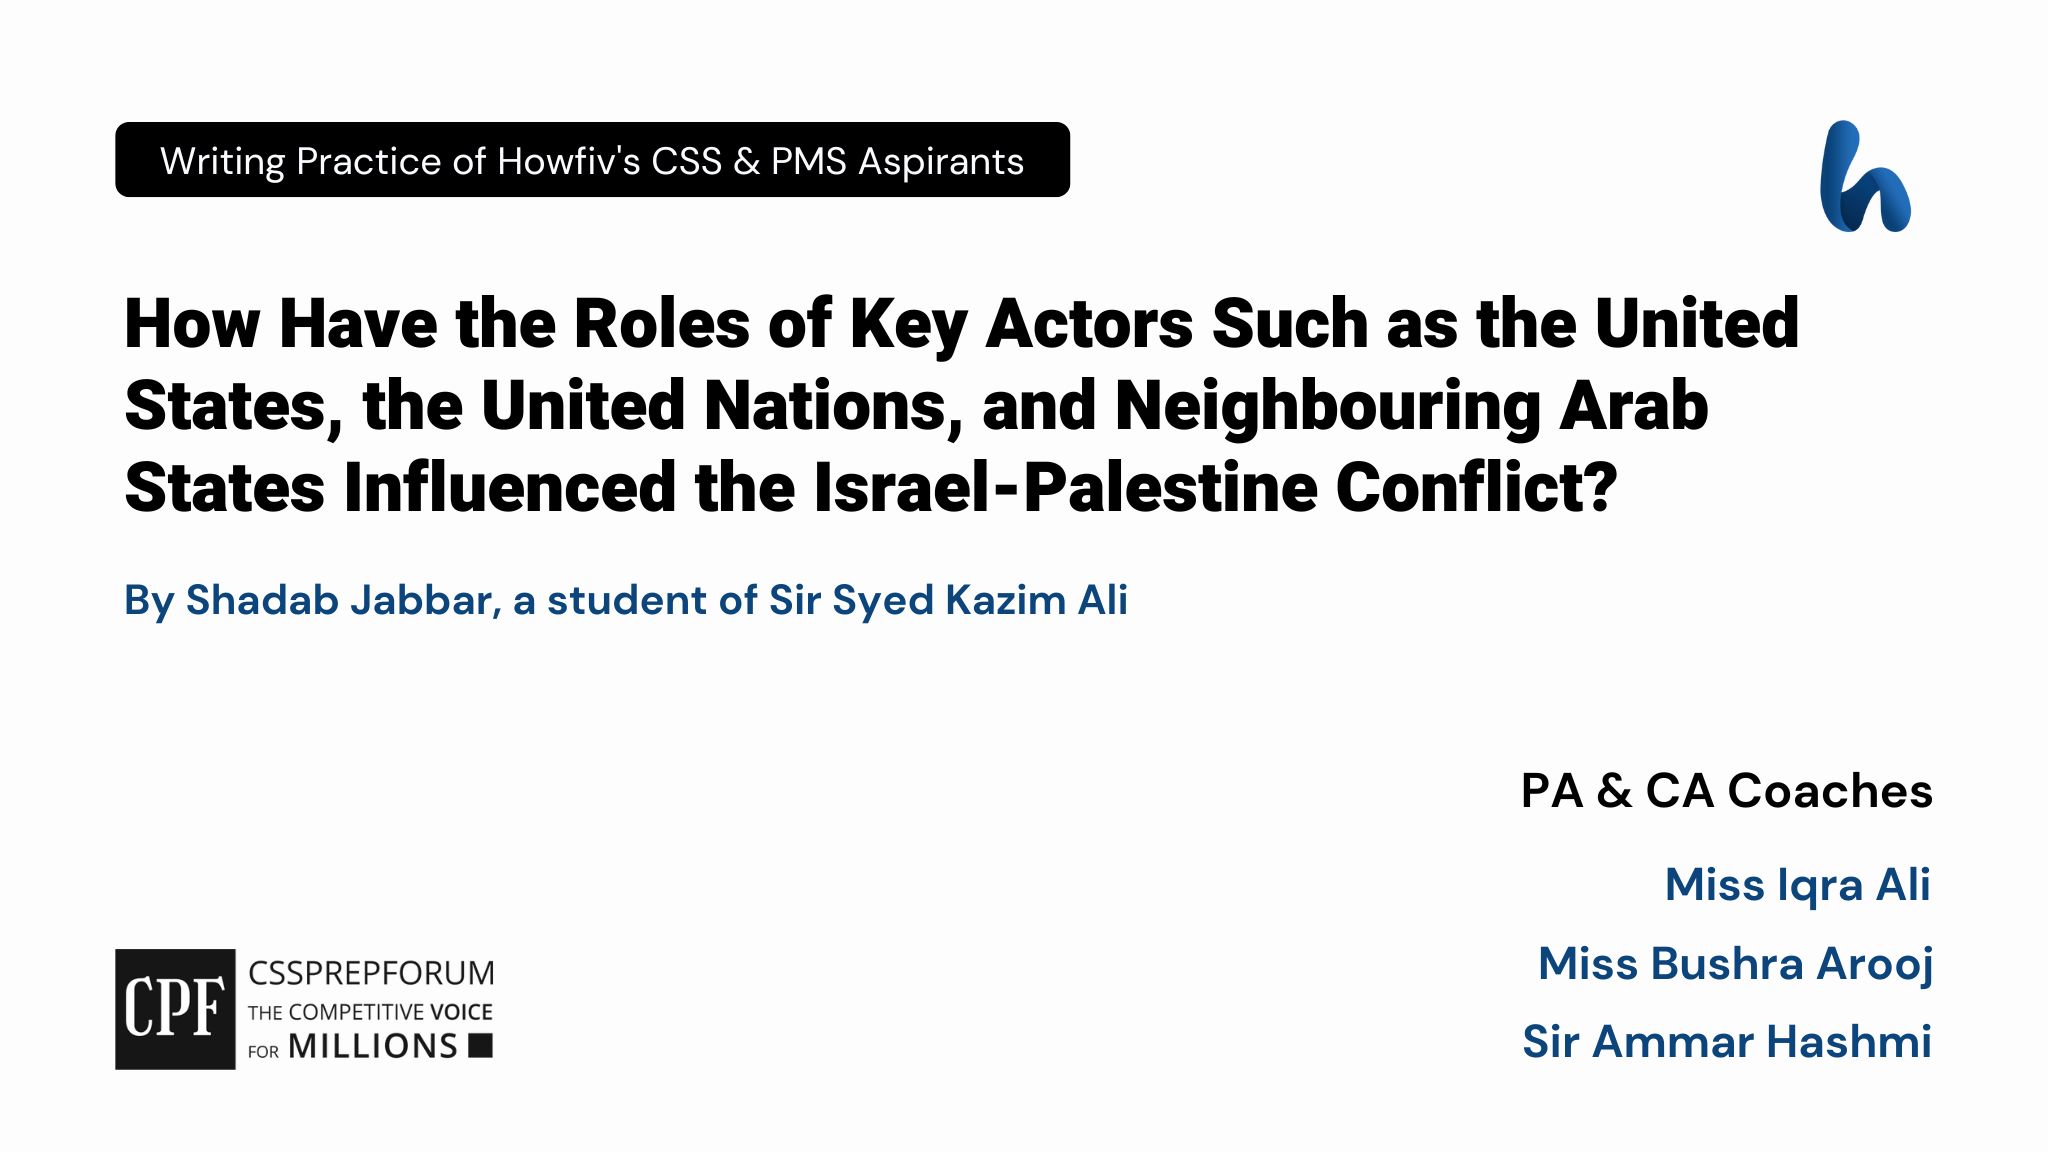 CSS Current Affairs | Role of the United States, United Nations, and Neighbouring Arab States in the Israel-Palestine Conflict | is written by Shadab Jabbar under the Supervision of Sir Ammar Hashmi...
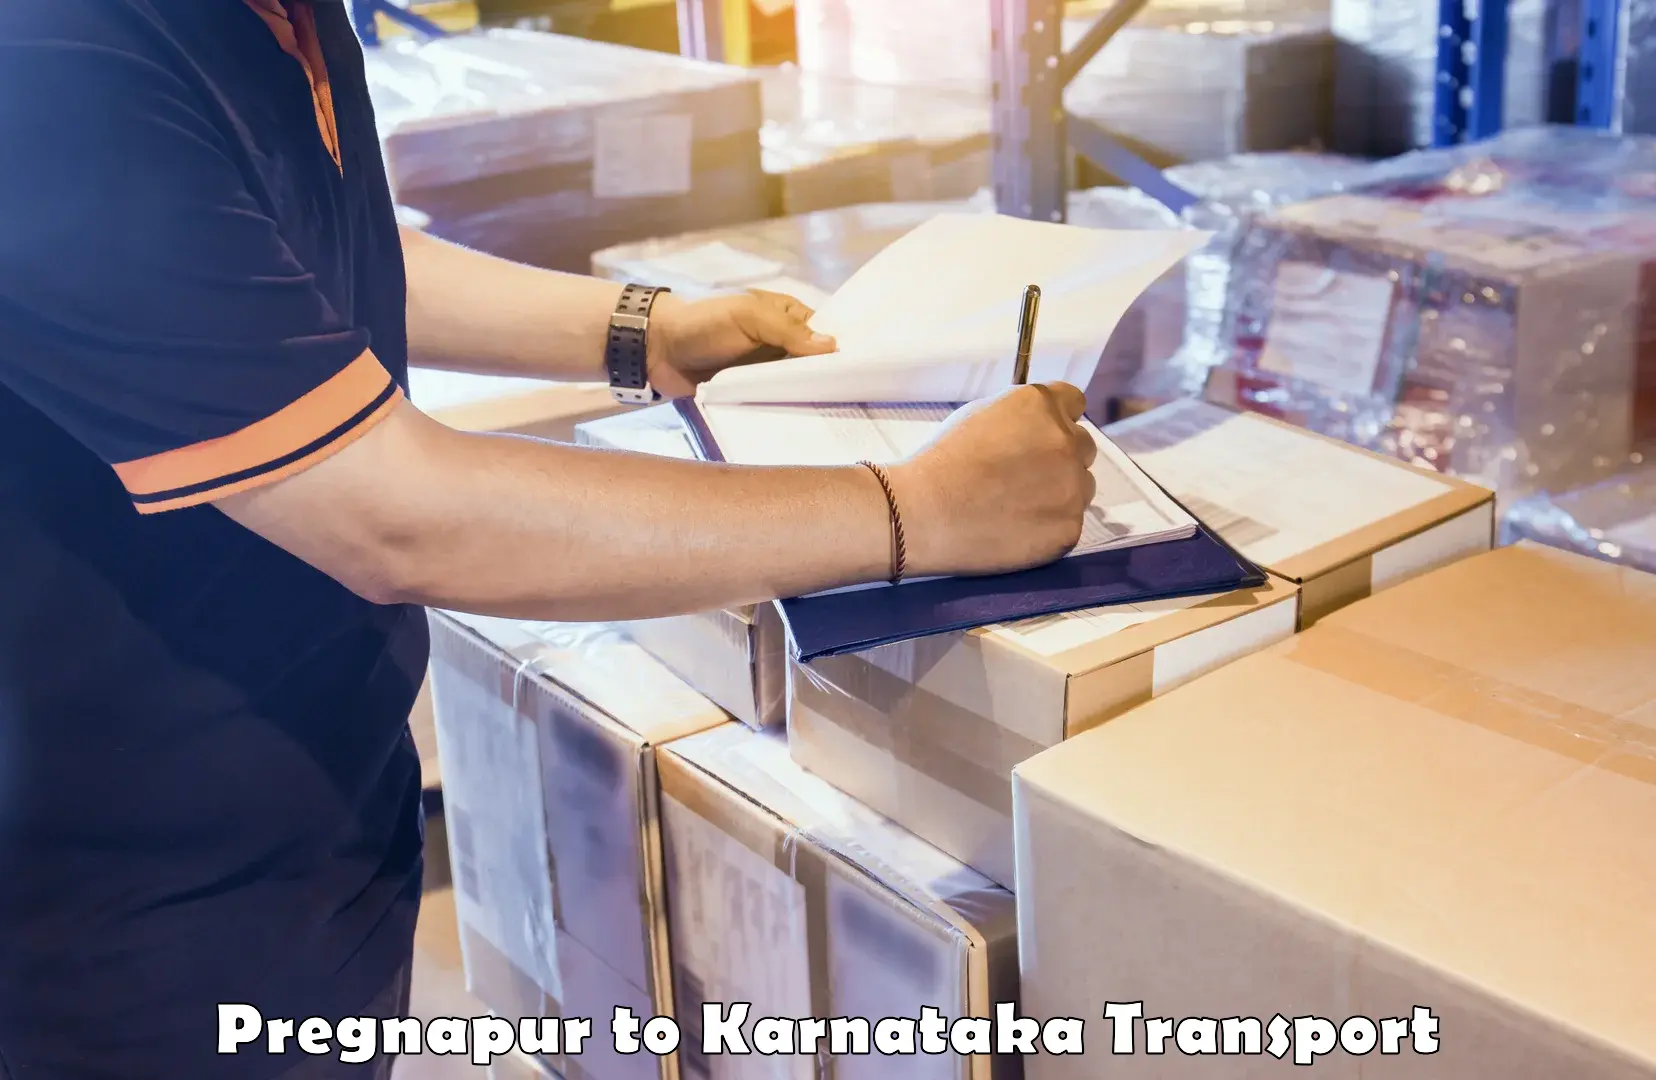 Truck transport companies in India in Pregnapur to Bhatkal
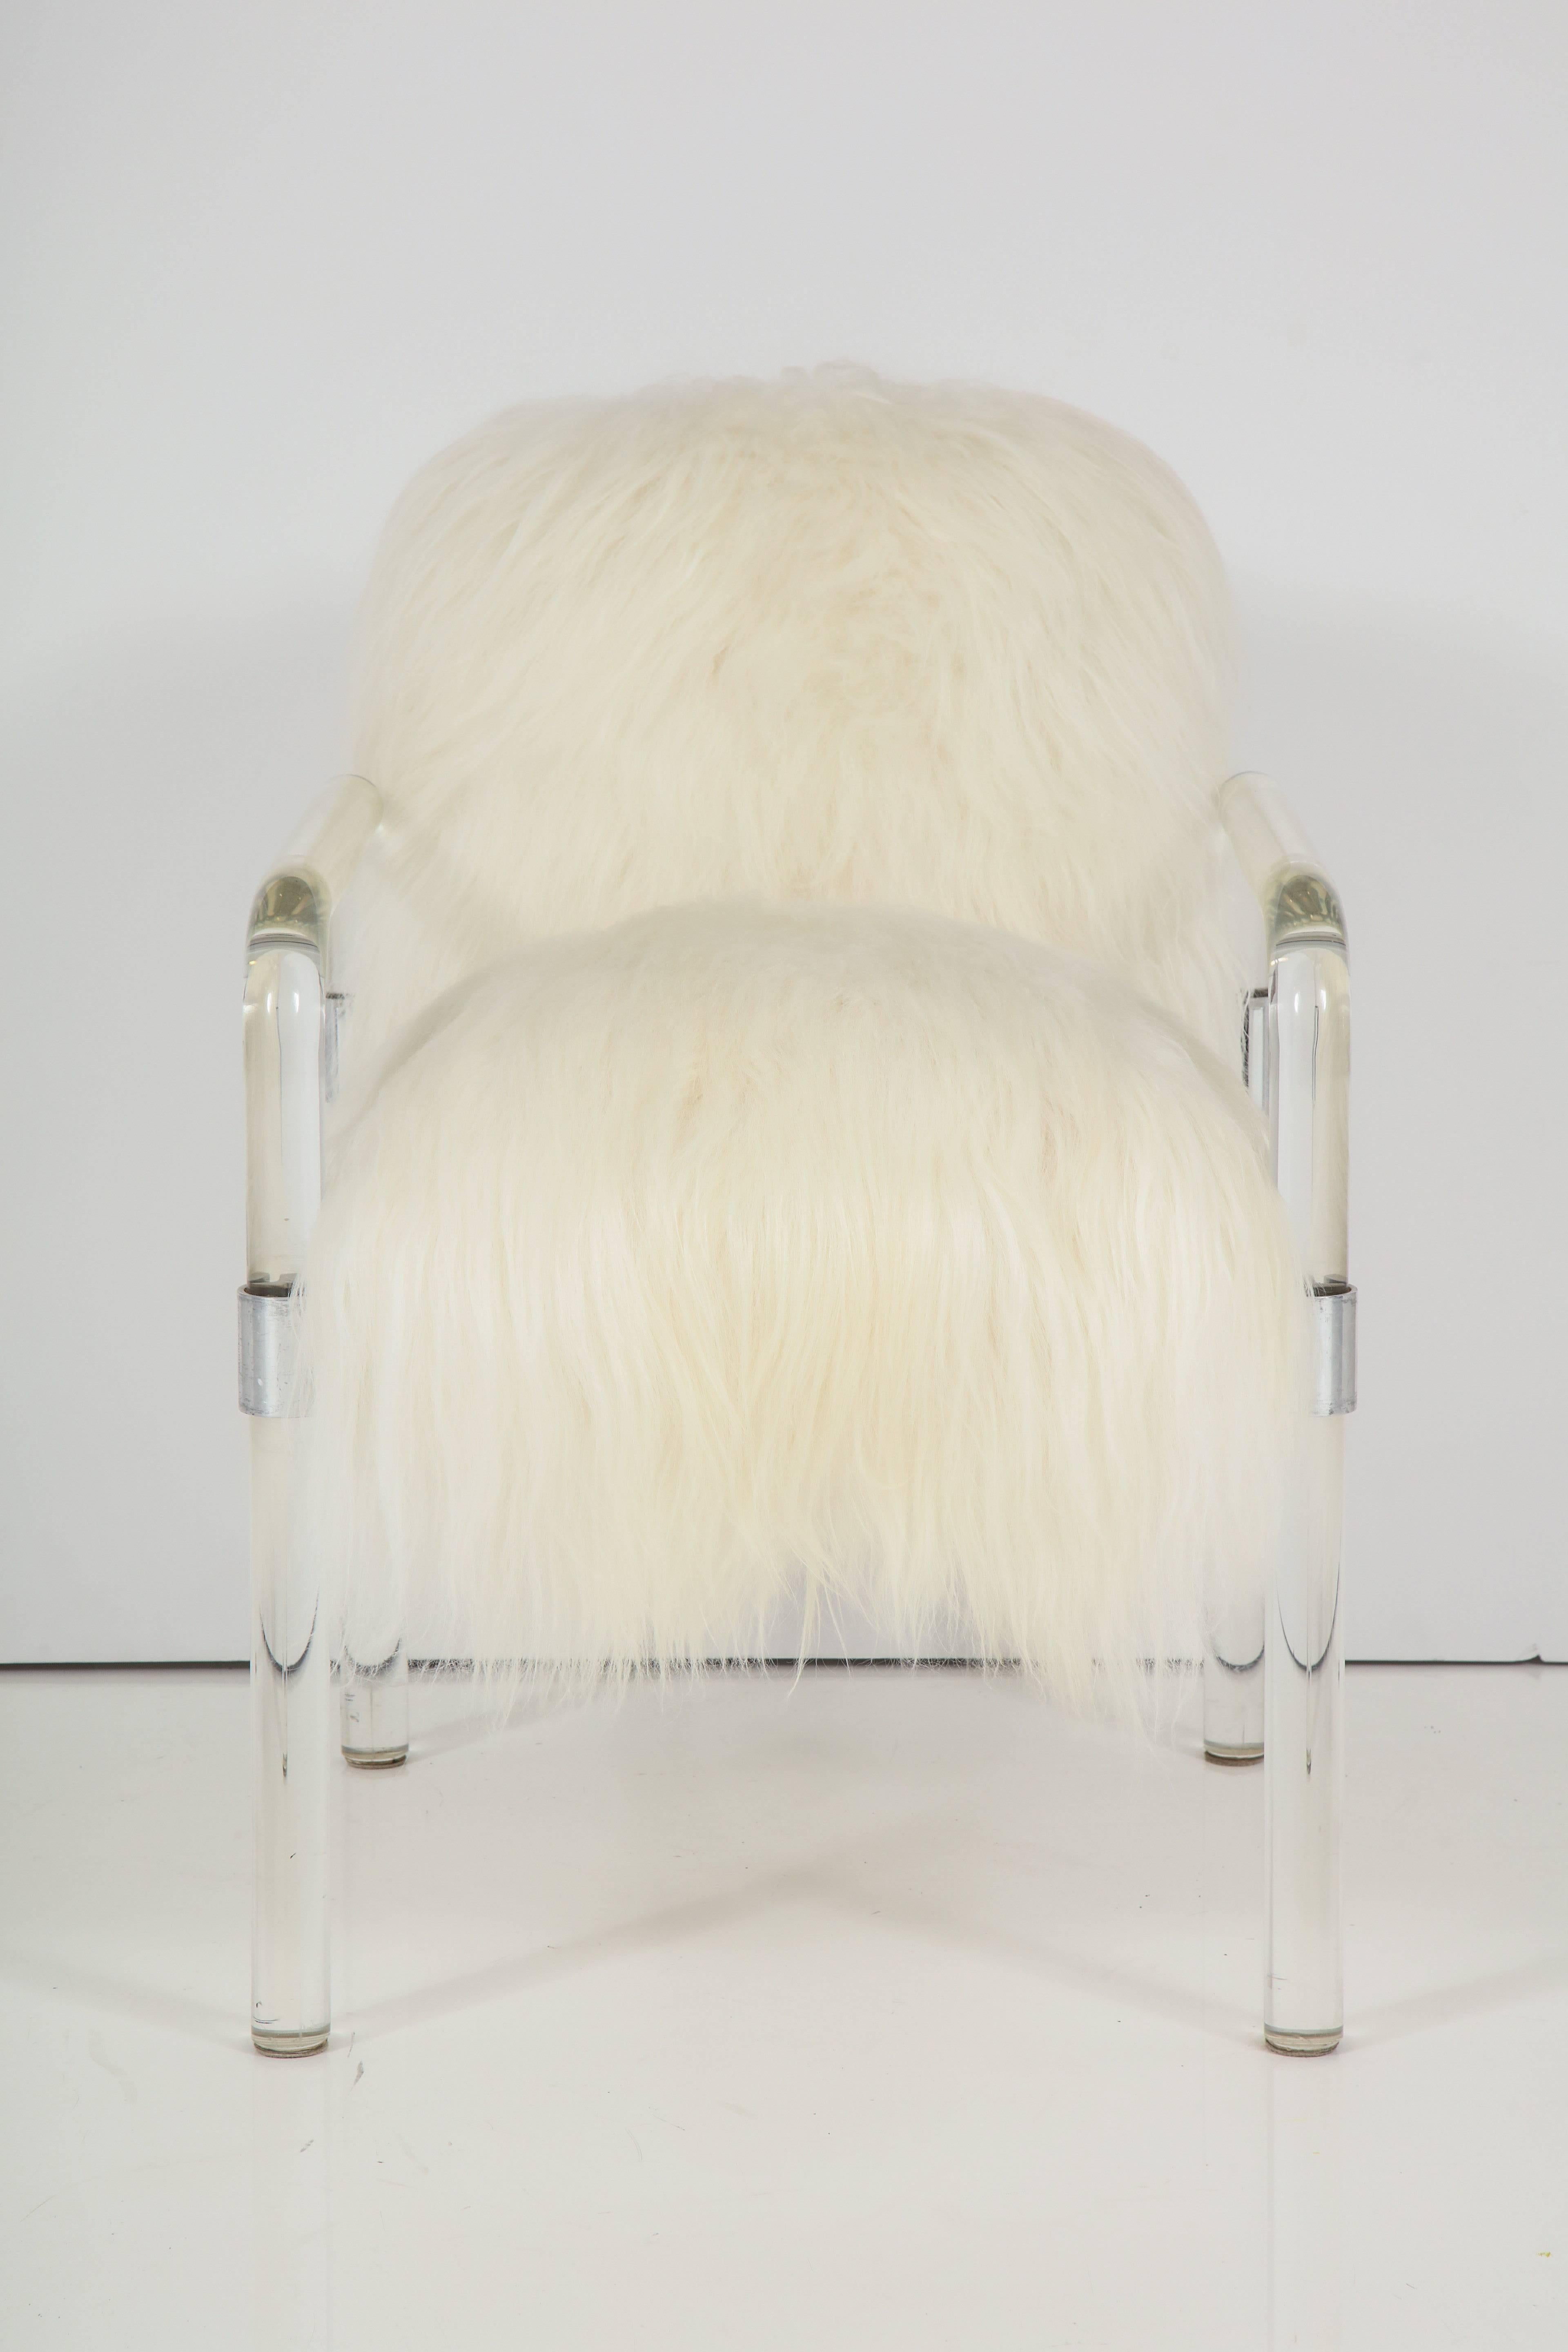 Pair of Pipeline series Lucite arm chairs designed by Jeff Messerschmidt in luxurious pure white long hair Arctic sheepskin. Upholstery is dense and extremely soft. Currently there is a pair available, $3400 each.

• • • •

◆ DESCRIPTION OF THE TASK ◆
Take the material above and set it down exactly, minus the images.

◆ SOLVED PROBLEM ◆
 CSS Current Affairs | Role of the United States, United Nations, and Neighbouring Arab States in the Israel-Palestine Conflict | is written by Shadab Jabbar under the Supervision of Sir Ammar Hashmi...
 Truck transport companies in India in Pregnapur to Bhatkal
 Pair of Pipeline series Lucite arm chairs designed by Jeff Messerschmidt in luxurious pure white long hair Arctic sheepskin. Upholstery is dense and extremely soft. Currently there is a pair available, $3400 each.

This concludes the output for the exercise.